▶ _Provided records_:
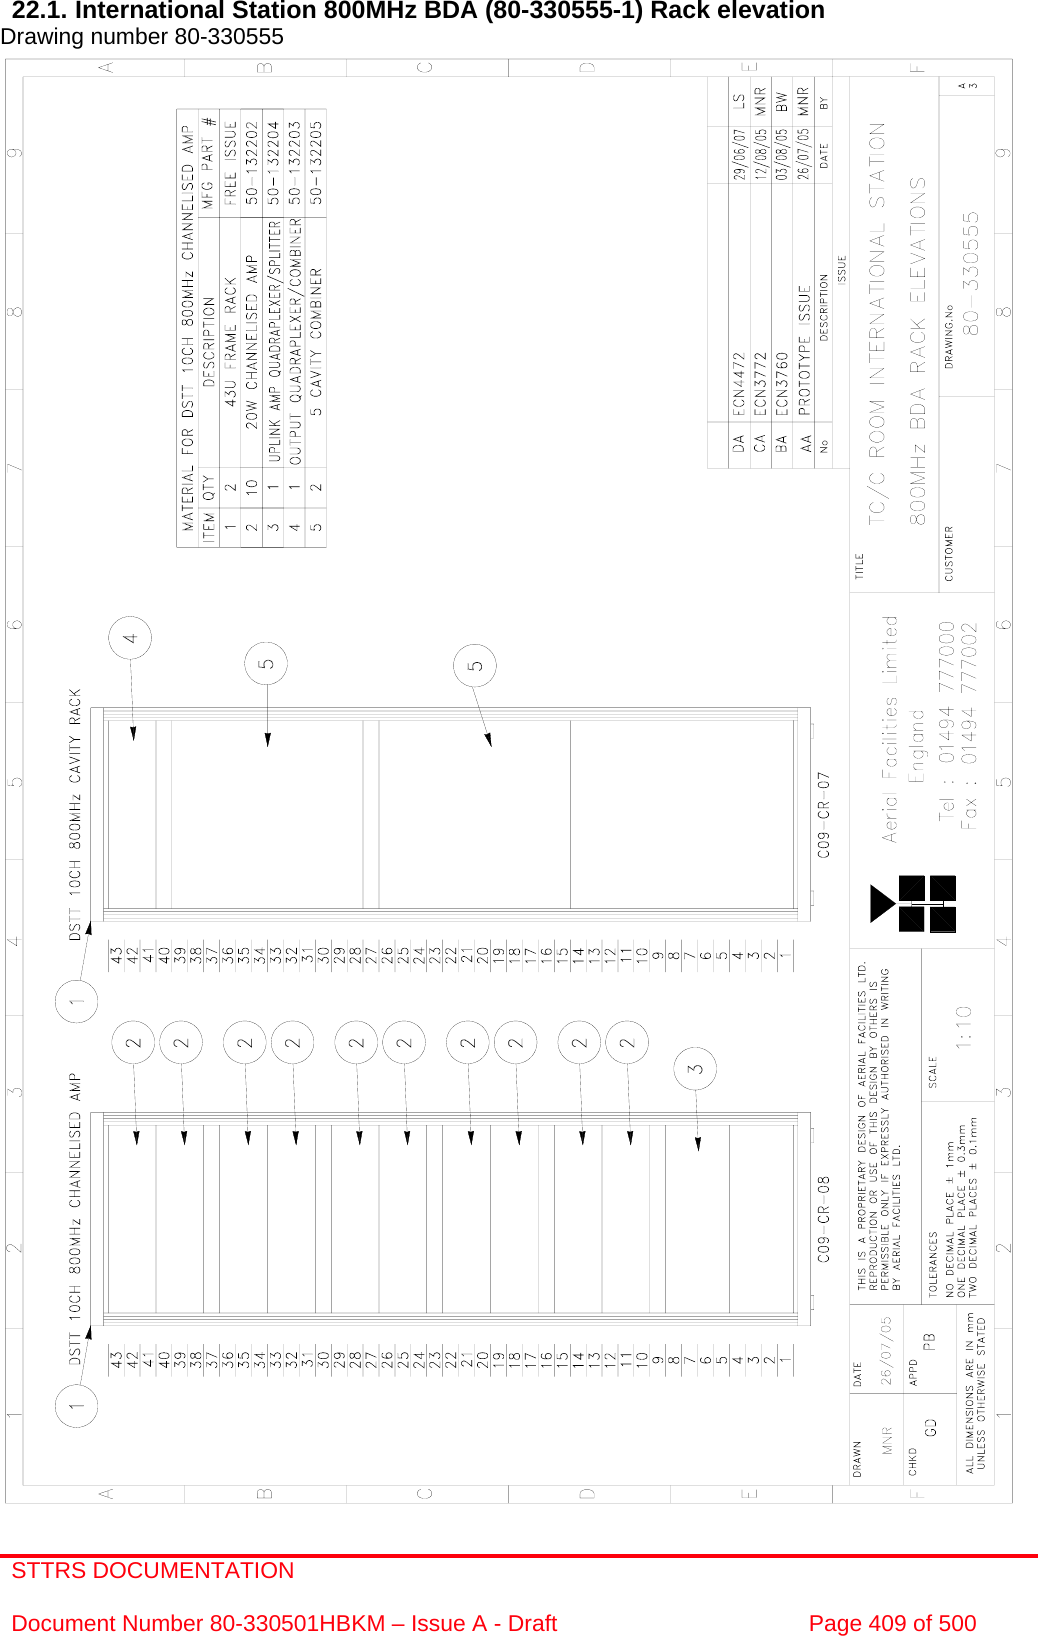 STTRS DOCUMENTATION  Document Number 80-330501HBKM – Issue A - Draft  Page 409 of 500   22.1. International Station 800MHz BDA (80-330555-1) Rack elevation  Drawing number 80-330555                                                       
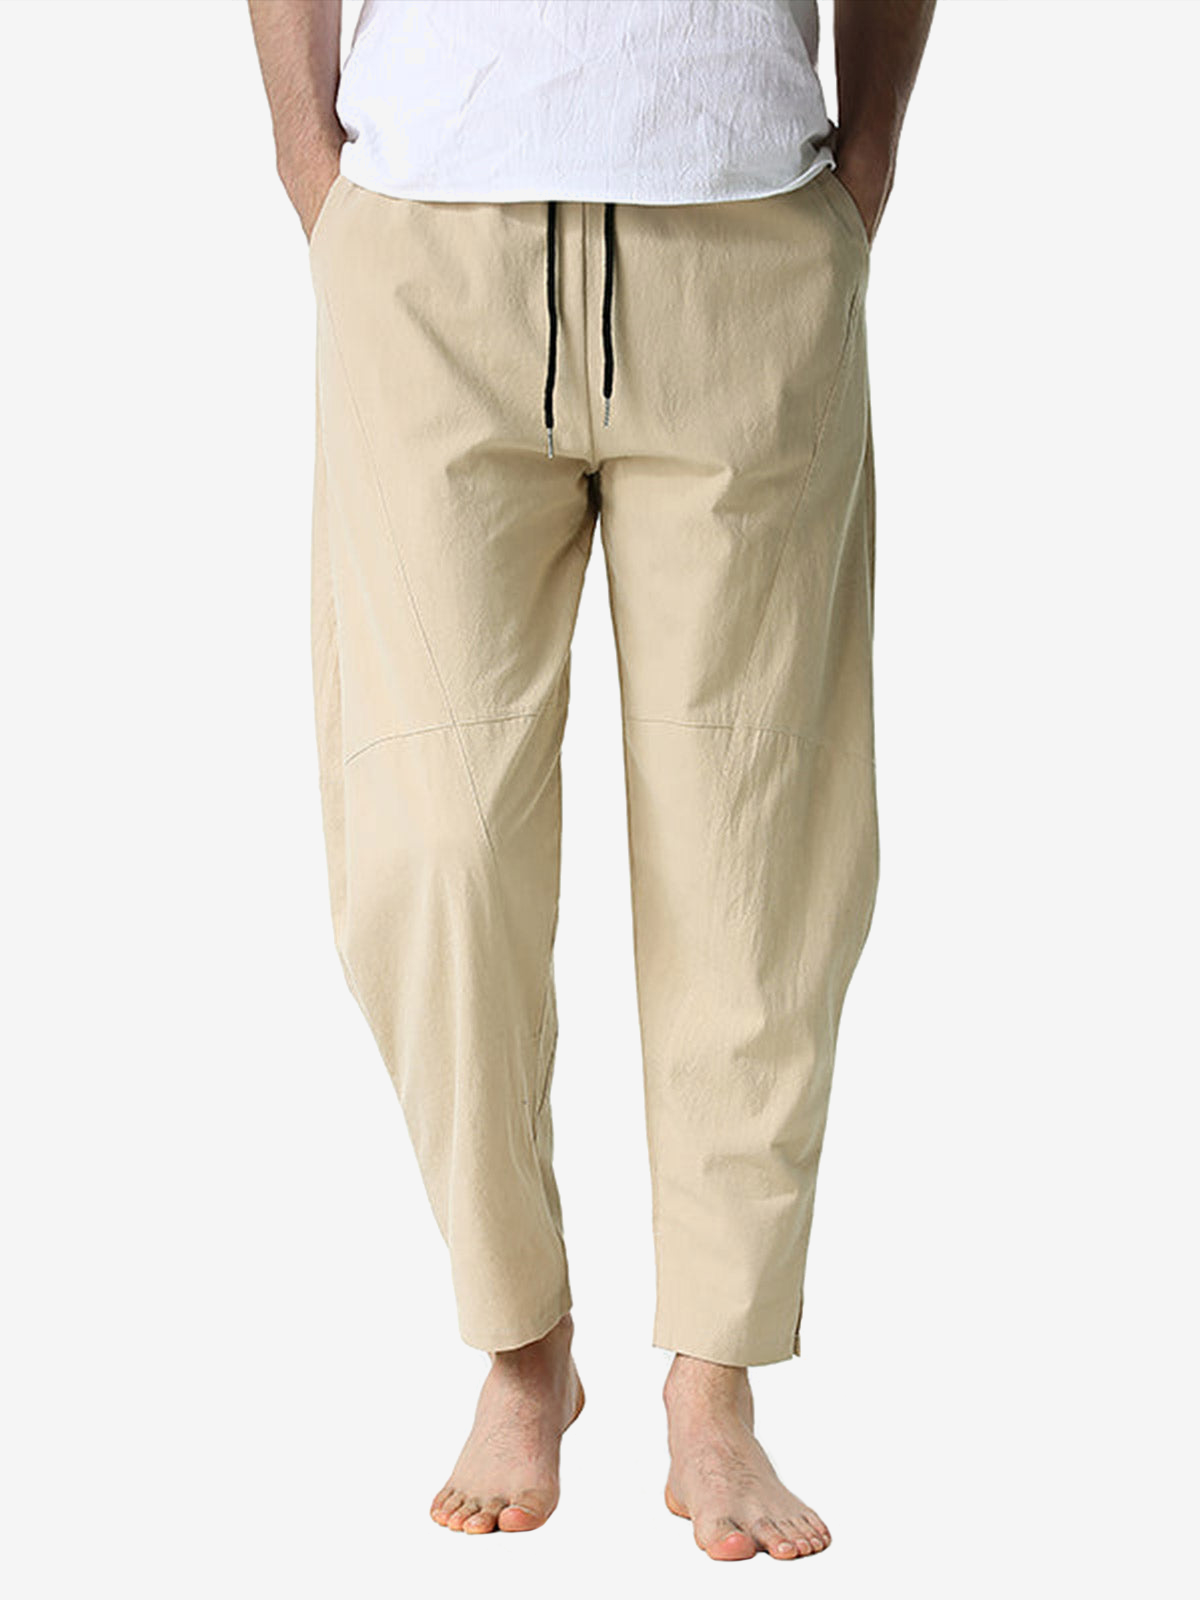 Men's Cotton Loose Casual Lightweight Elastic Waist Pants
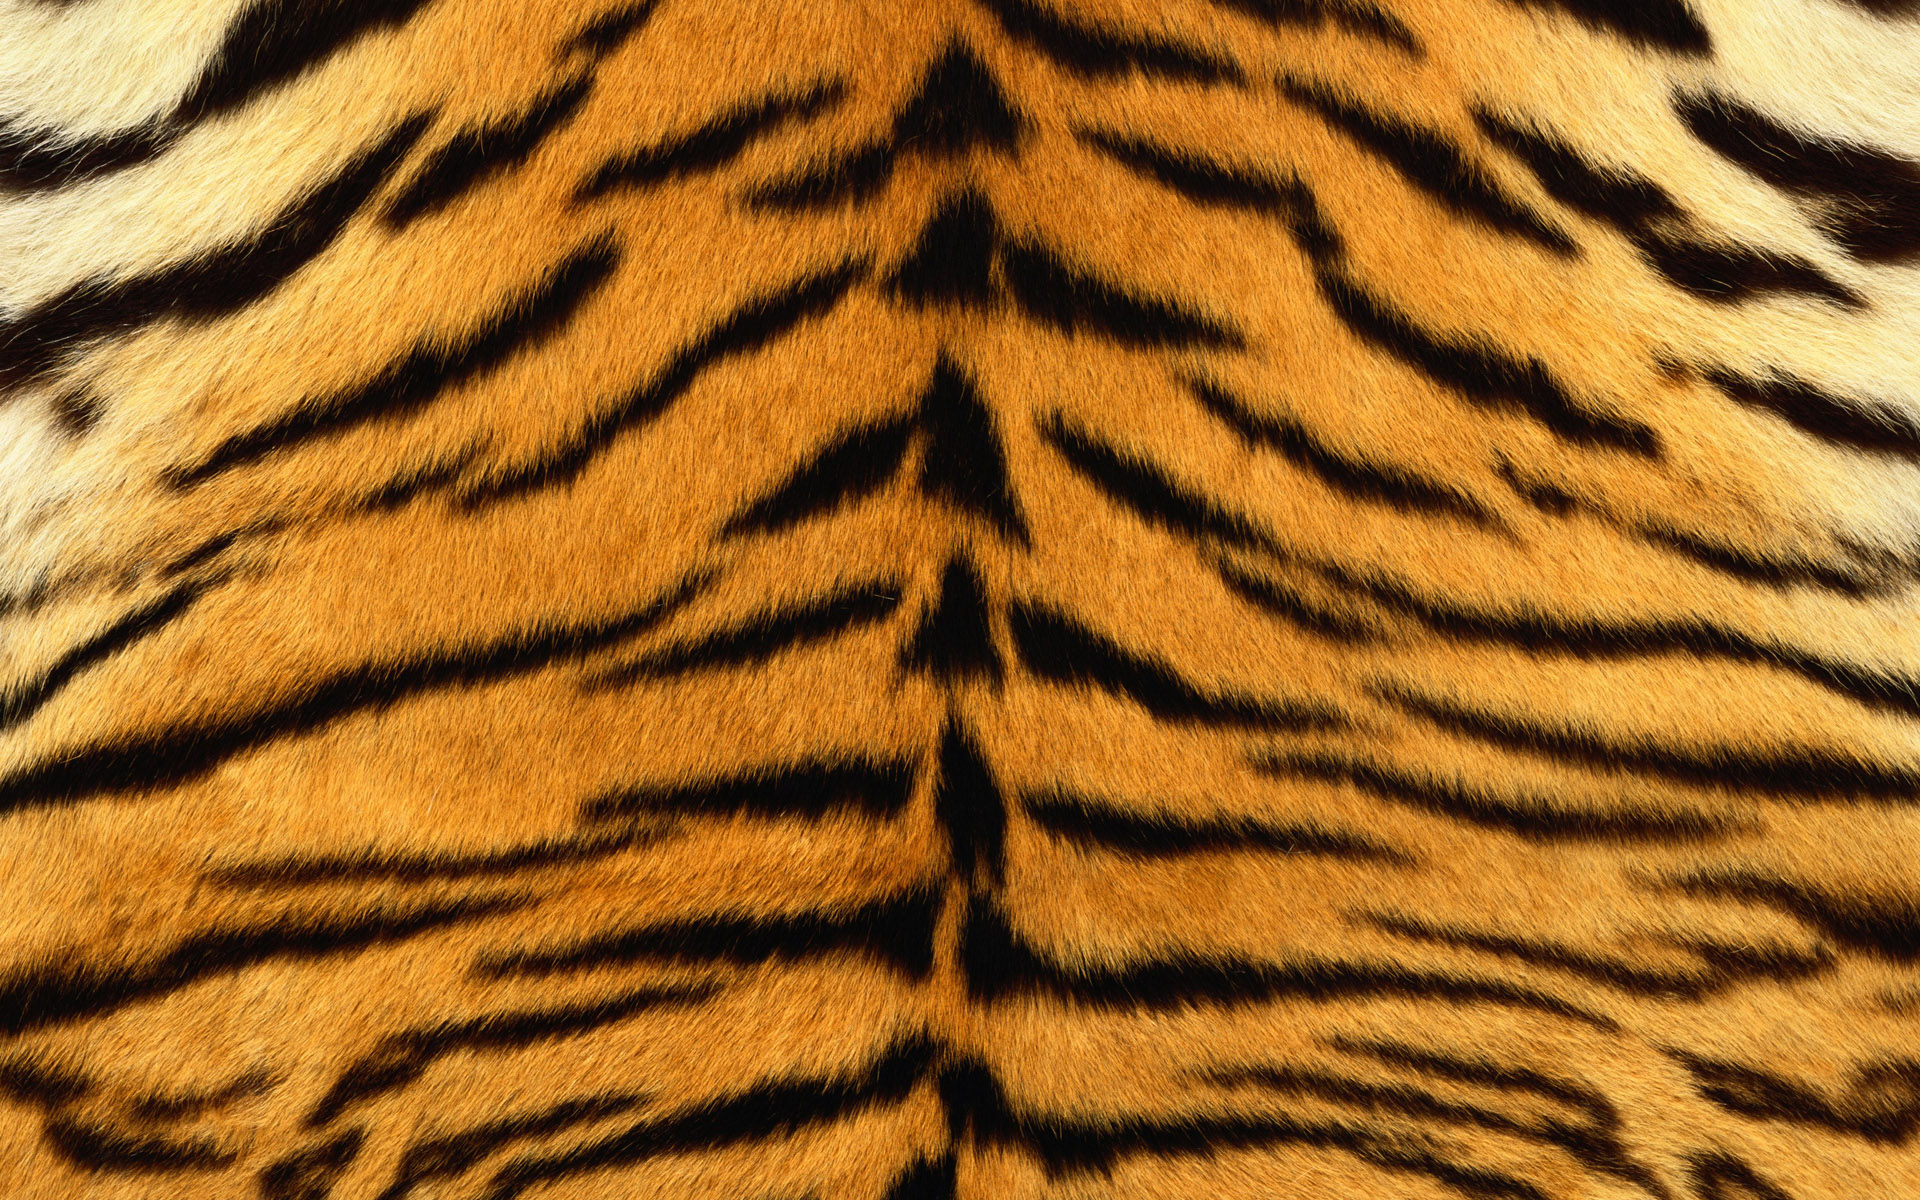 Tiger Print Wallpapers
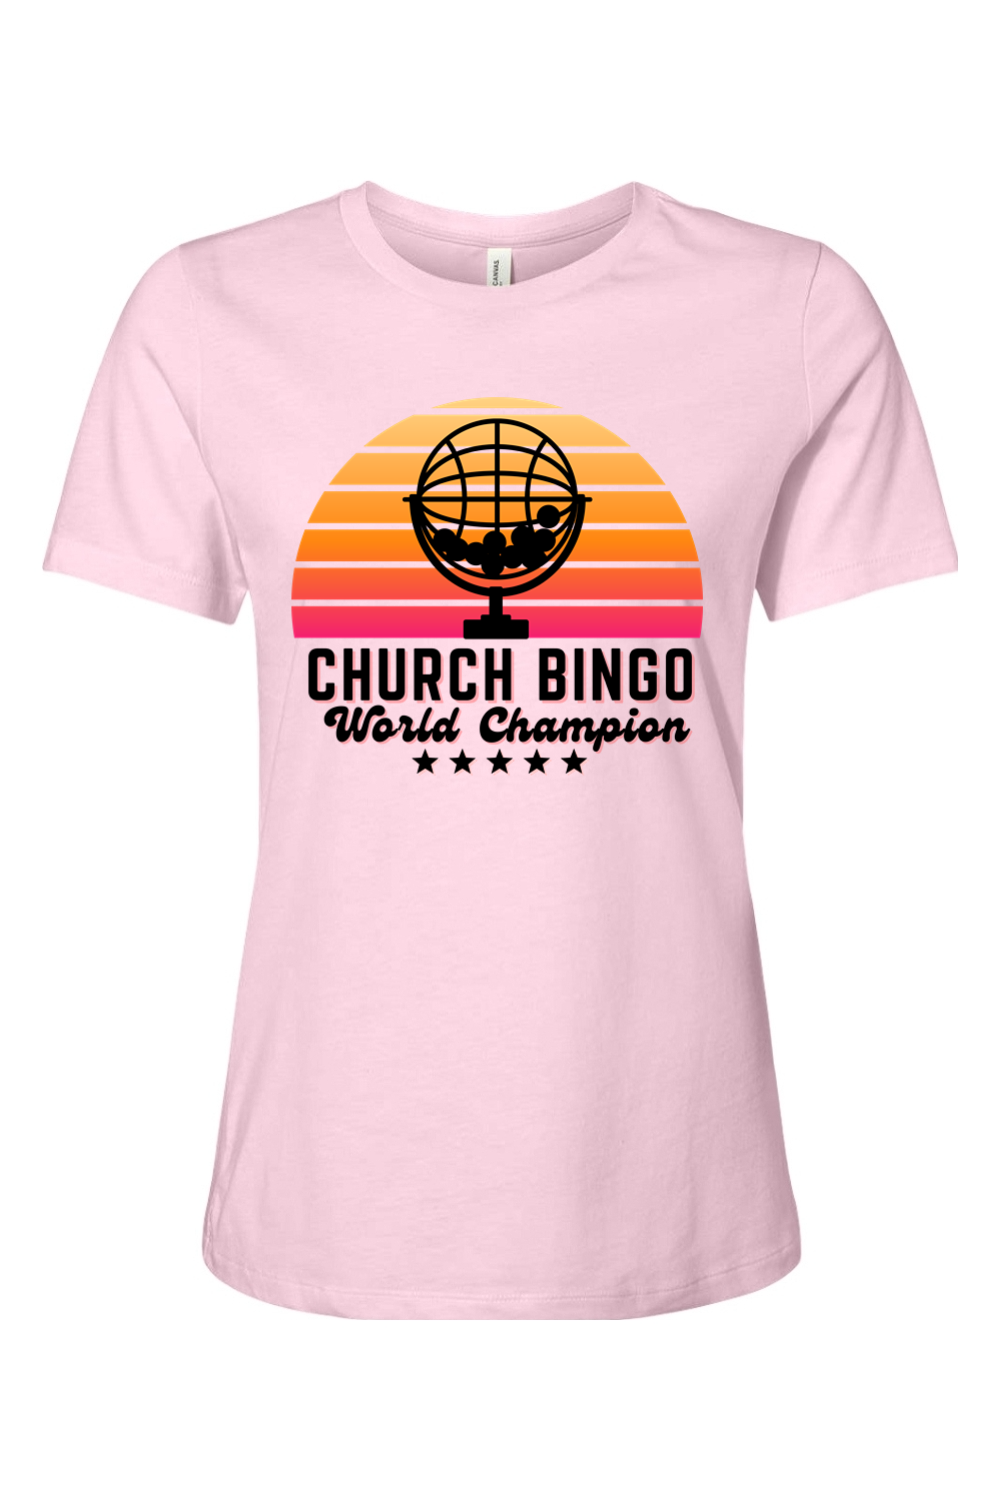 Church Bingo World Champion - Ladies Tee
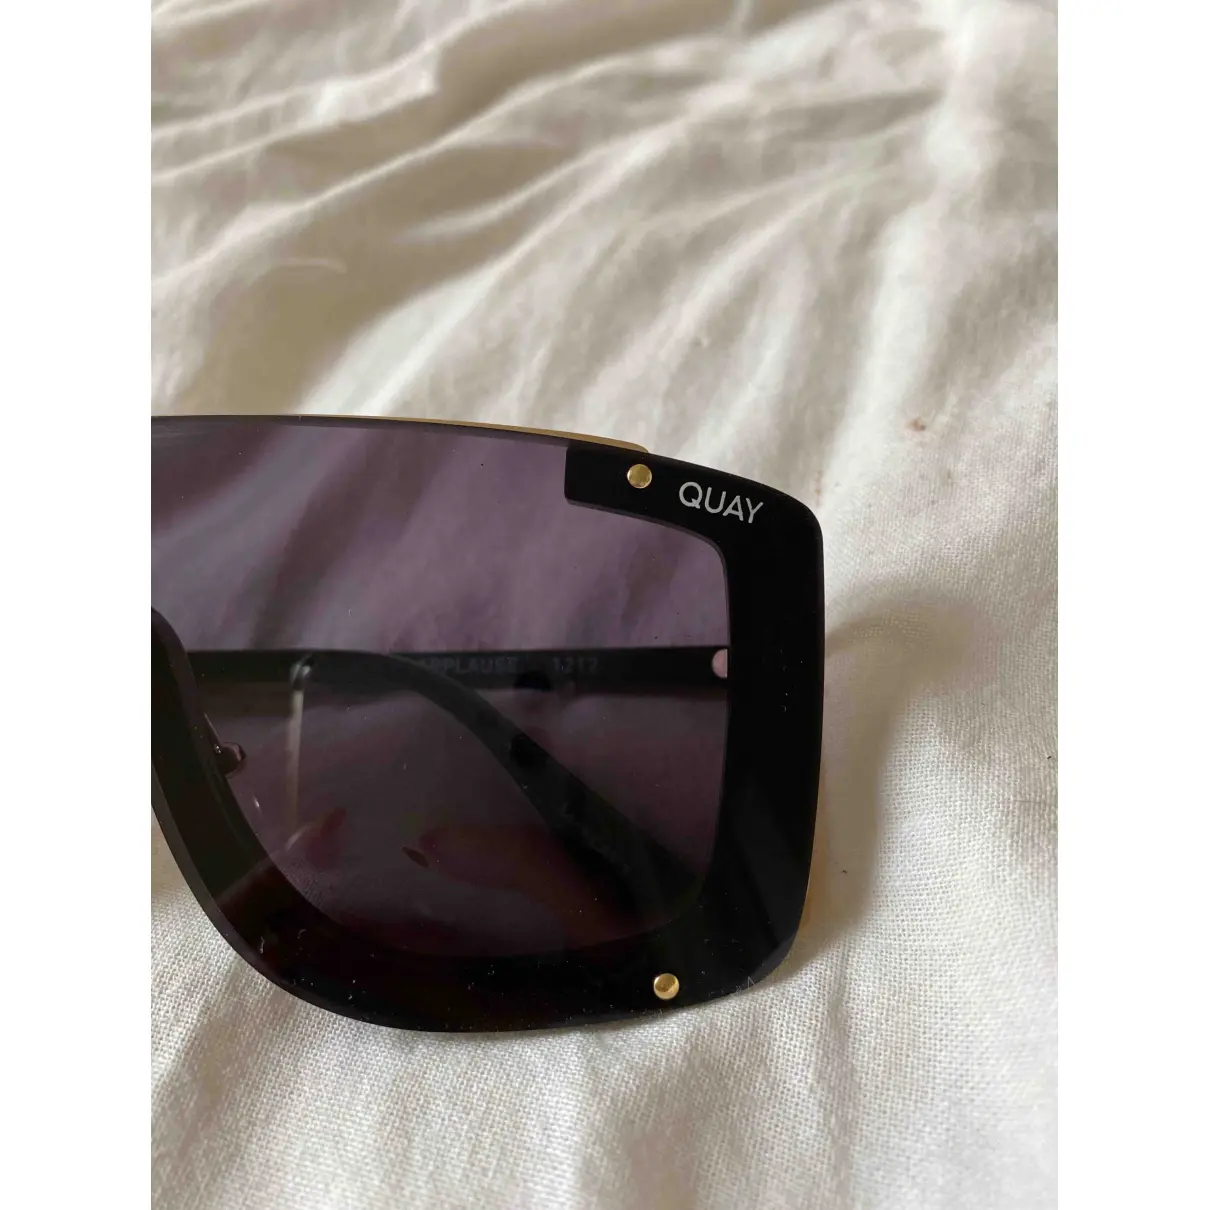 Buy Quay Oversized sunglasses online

▶ _To do_: One exact copy of the data, no pictures: write it out line for line.

▶ _Exercise output_:
 STTRS DOCUMENTATION  Document Number 80-330501HBKM – Issue A - Draft  Page 409 of 500   22.1. International Station 800MHz BDA (80-330555-1) Rack elevation  Drawing number 80-330555                                                       
 Men's Cotton Loose Casual Lightweight Elastic Waist Pants
 Tiger Print Wallpapers
 Church Bingo World Champion - Ladies Tee
 Buy Quay Oversized sunglasses online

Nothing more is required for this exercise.